It looks like there are two sides to 'breakfast sausage'. One is sausages sometimes called 'farm or farmers sausage' and other-times referred to as 'country sausage' depending on what part of the country you are from.  Many other countries have a farm-style sausage.  Often it's bulk and fried in patties or chopped up for a skillet breakfast or a breakfast burrito. Even a pizza topping.  I like it for sausage burgers. 

Another breakfast sausage styles are the ones popular in the US.   Bob Evans or Jimmy Dean are good examples of style of sausage.  A bit high in fat and salt, flavorful, moist, sometimes leaning toward sweet.... but a comfort kind of thing. 
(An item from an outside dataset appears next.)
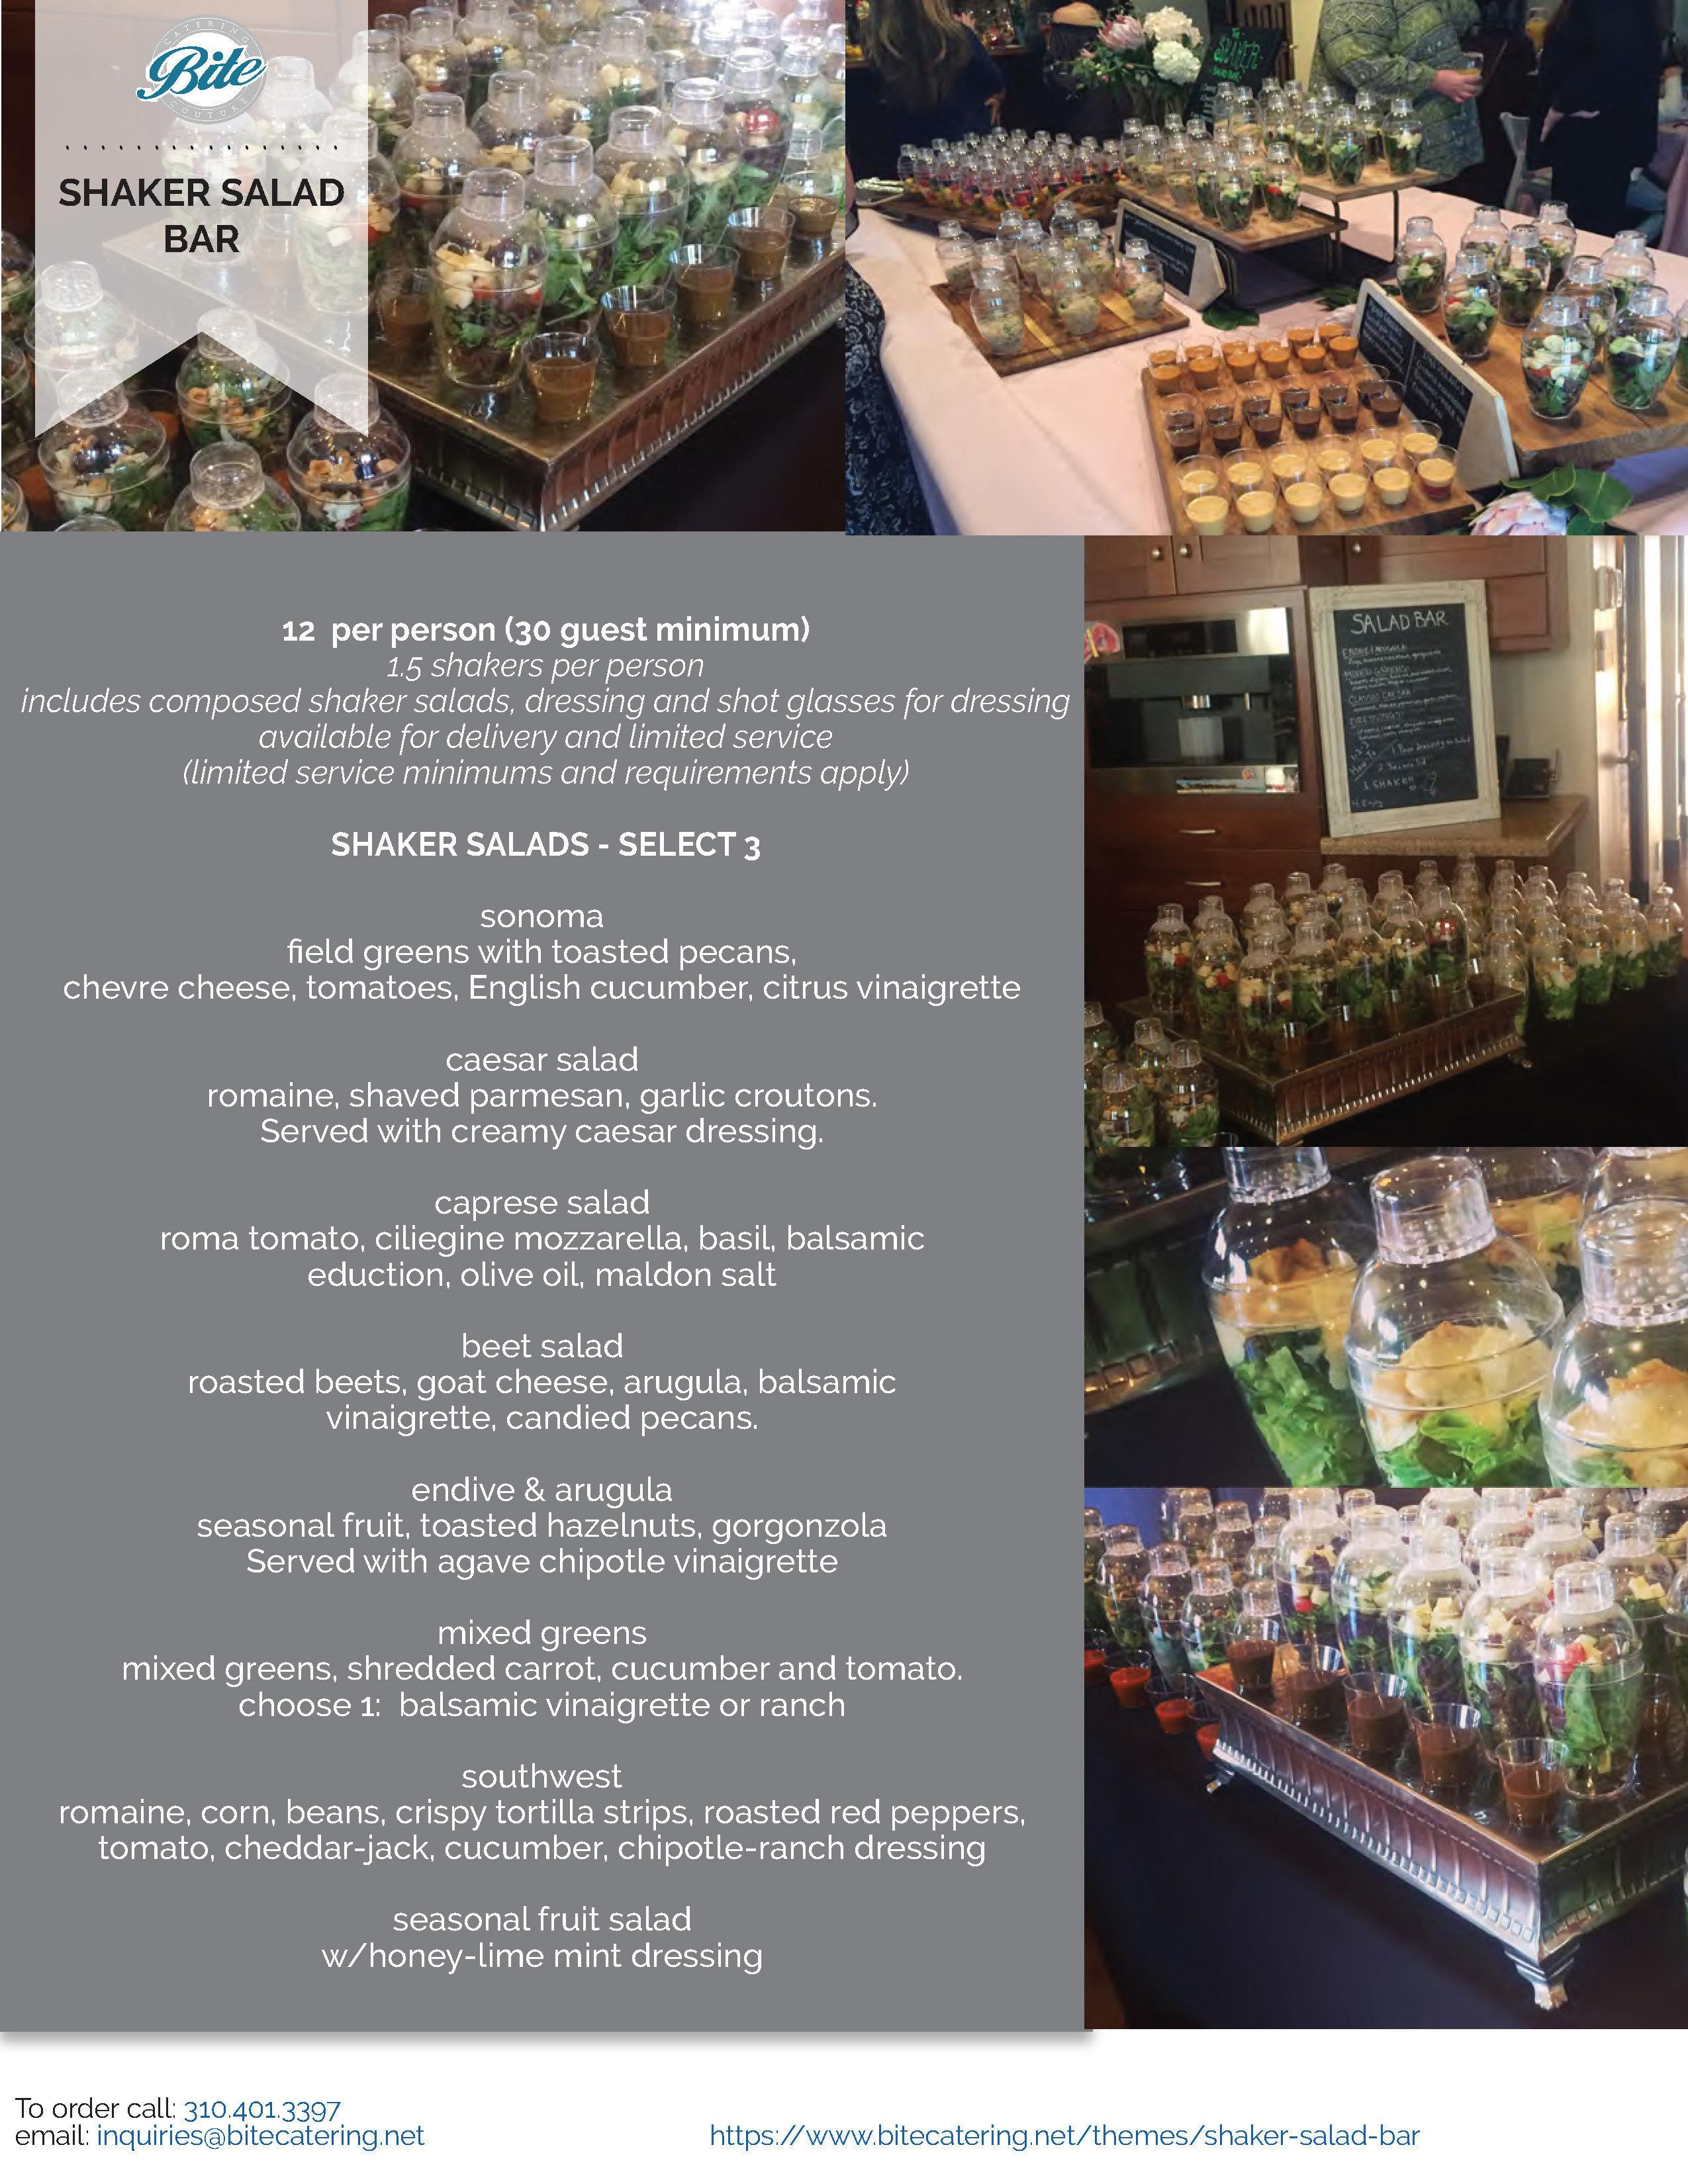 Shaker Salad Bar

*Back to your question...*. there are ton's of farm sausage recipes, explore them because they are wonderful.   And.... I'm sure there are BE or JD clone recipes, but it's hard not to buy some pre made  chubs (fatties) on sale and smoke them and vacuum seal.


----------



## moober (Dec 8, 2021)

Bell’s

I started with this basic recipe awhile ago.I have a thing for Bell’s. You are welcome to follow the recipe and add ground turkey.  I won’t disown you lol.

I made breakfast sausage last weekend using this recipe:

Ground 9.44# pork butt (fine)… that is 4282 grams… I apologize for using mixed units:

Kosher Salt …………….80g (8.5 g per #)
Brown Sugar……………80g
Bell’s Seasoning …….16g or 8 teaspoons
Black Pepper…………..7 teaspoons

For me, that is a bit more kosher salt than normal for this amount of pork (about a tablespoon more/15 grams) but it worked… maybe balanced out by the sugar.  Definitely need s some red pepper flakes! Maybe 3 tablespoons for that much grind.

good luck!


----------



## Sven Svensson (Dec 10, 2021)

Penney’s Spices has an amazing breakfast sausage seasoning mix. It’s super simple. Just add one tablespoon of mix to one pound of ground pork and you’ll impress your friends and family. Their Italian sausage and Bratwurst seasons are also fantastic.


----------



## forktender (Dec 10, 2021)

BrianGSDTexoma said:


> I am a big  of A.C. Legg Blend 10 Pork Sausage Seasoning.  Nice sage flavor.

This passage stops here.